- [DATA SHOWN]
---

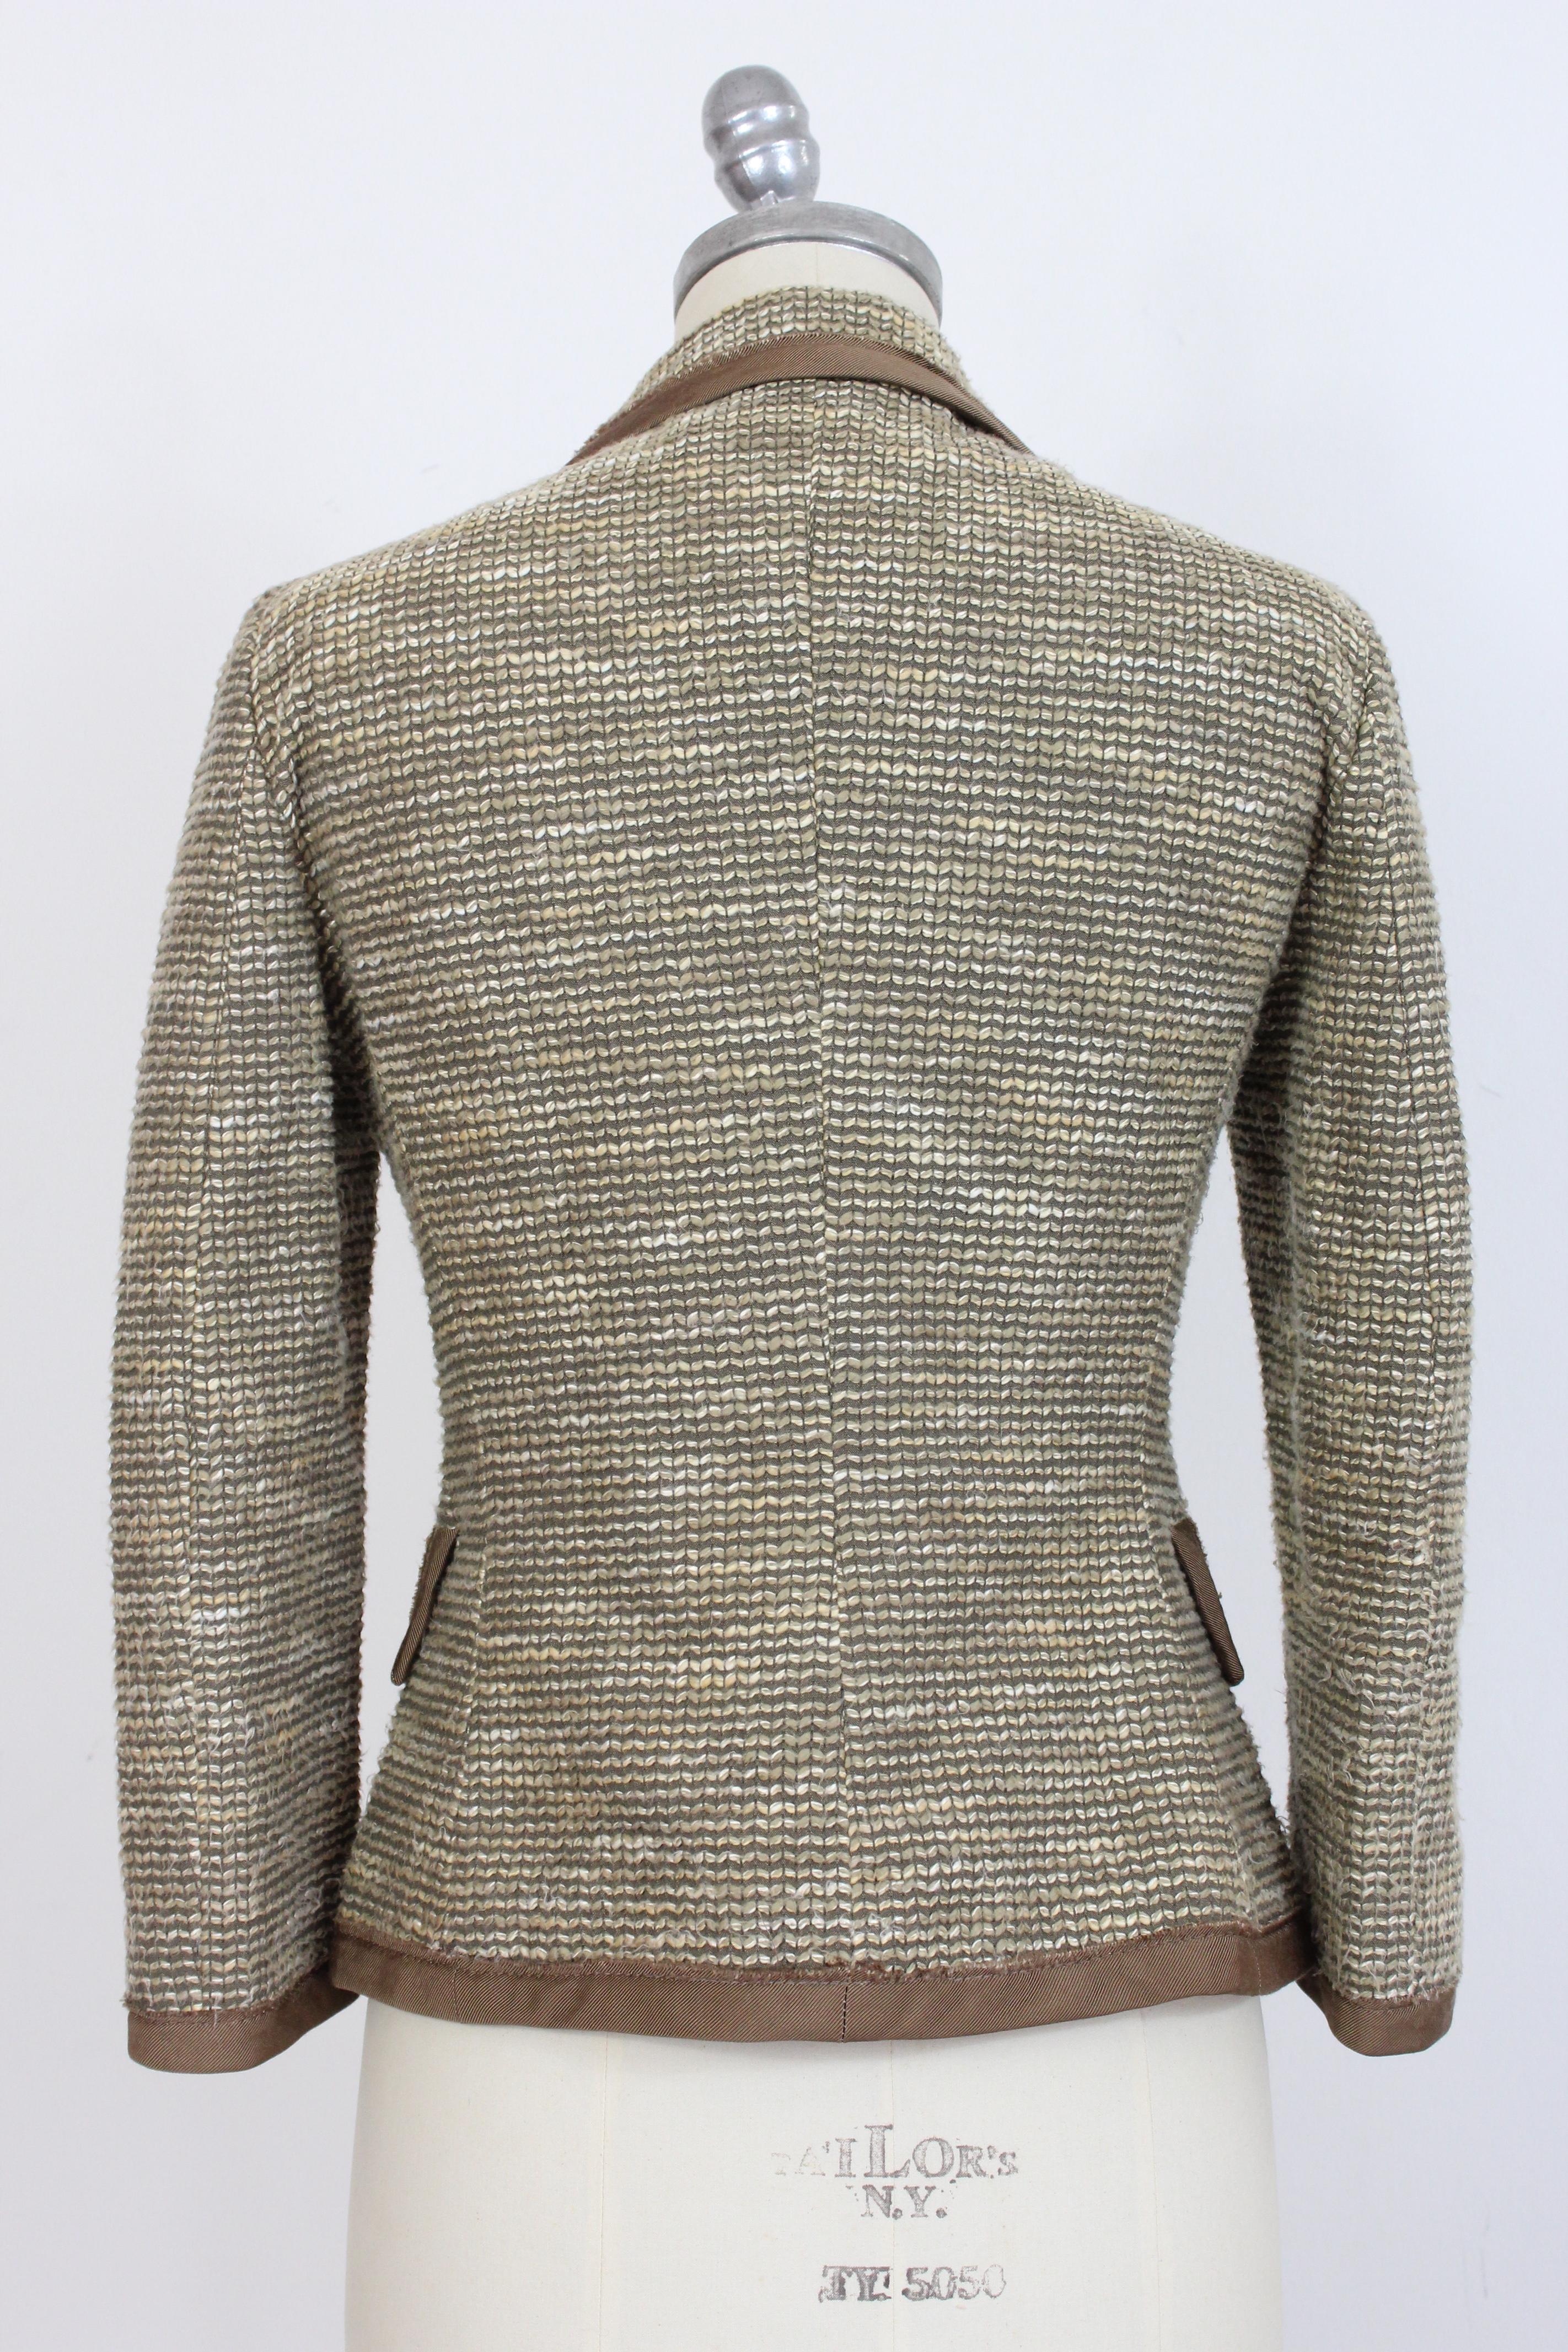 Moschino Cheap and Chic 90s vintage women's jacket. Fitted blazer, elegant, beige and brown, bows on the neck. 3/4 flared sleeve. External fabric 88% cotton 12% rayon, internally lined 100% cotton. Made in Italy.

Condition: Excellent

Item used few
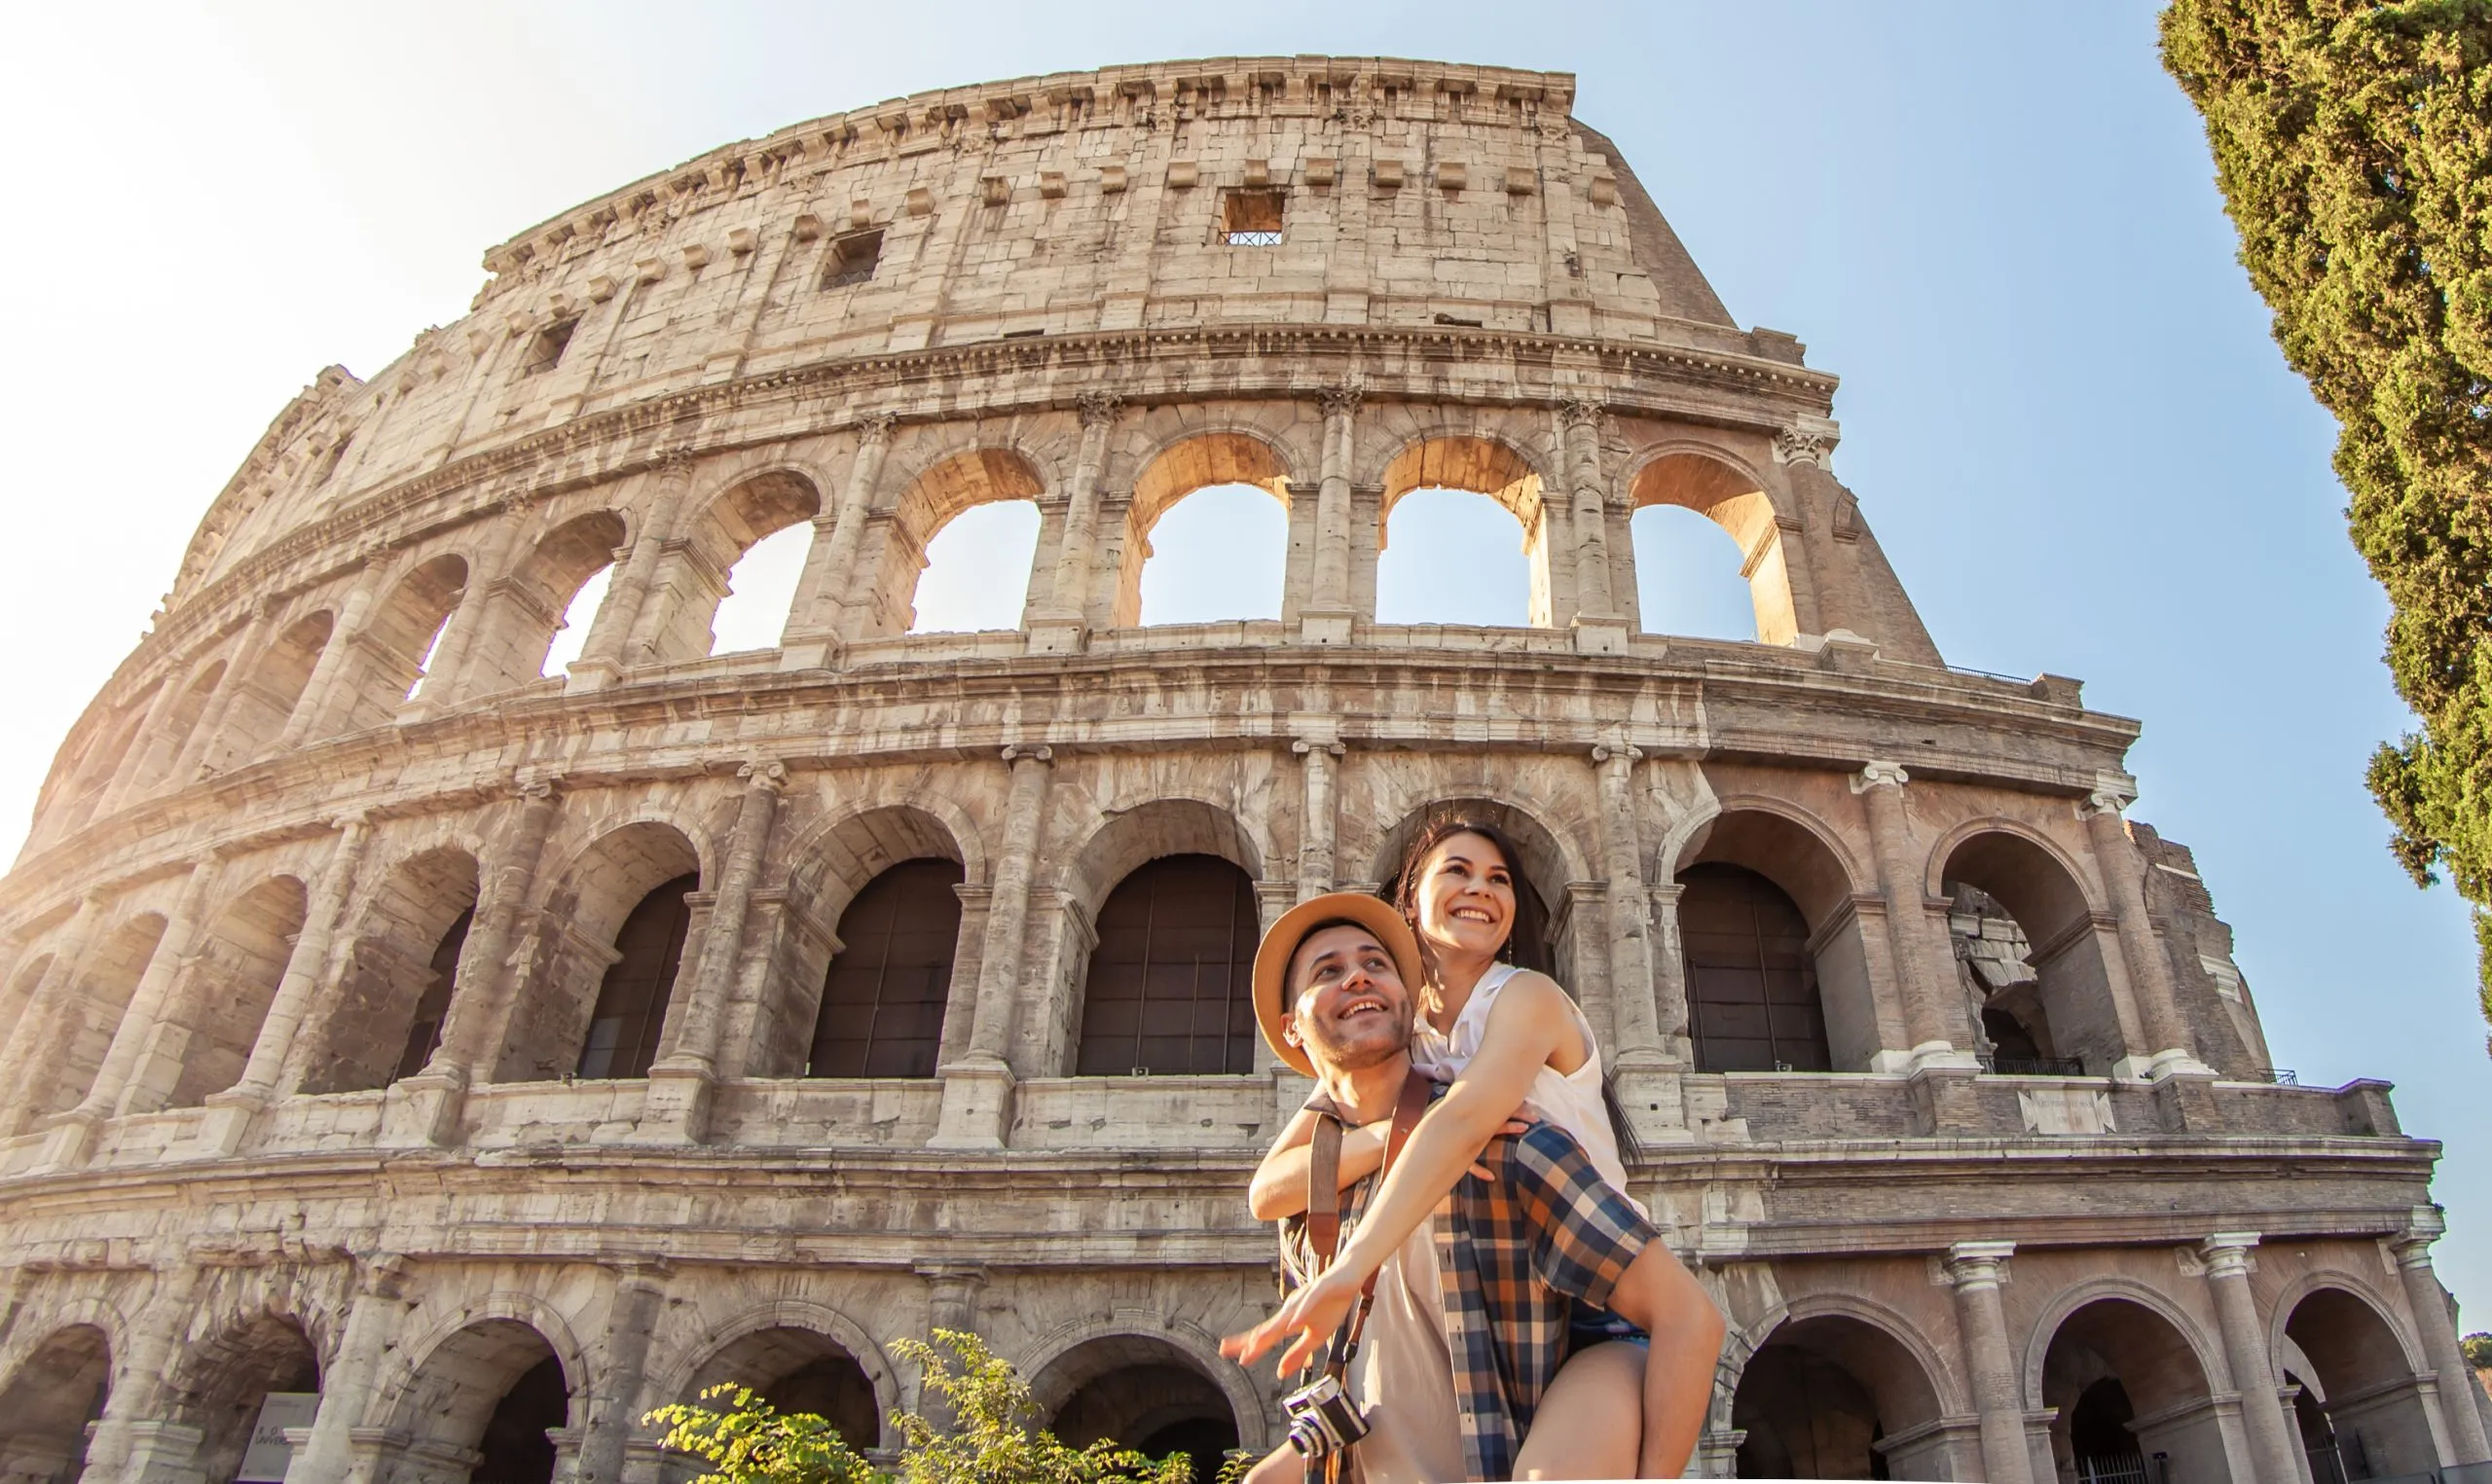 Young happy couple having fun at Colosseum, Rome. Piggyback posing for pictures.

---

The material must be restated verbatim. Its pictures must be omitted.

 Moschino Cheap and Chic 90s vintage women's jacket. Fitted blazer, elegant, beige and brown, bows on the neck. 3/4 flared sleeve. External fabric 88% cotton 12% rayon, internally lined 100% cotton. Made in Italy.

Condition: Excellent

Item used few
 Young happy couple having fun at Colosseum, Rome. Piggyback posing for pictures.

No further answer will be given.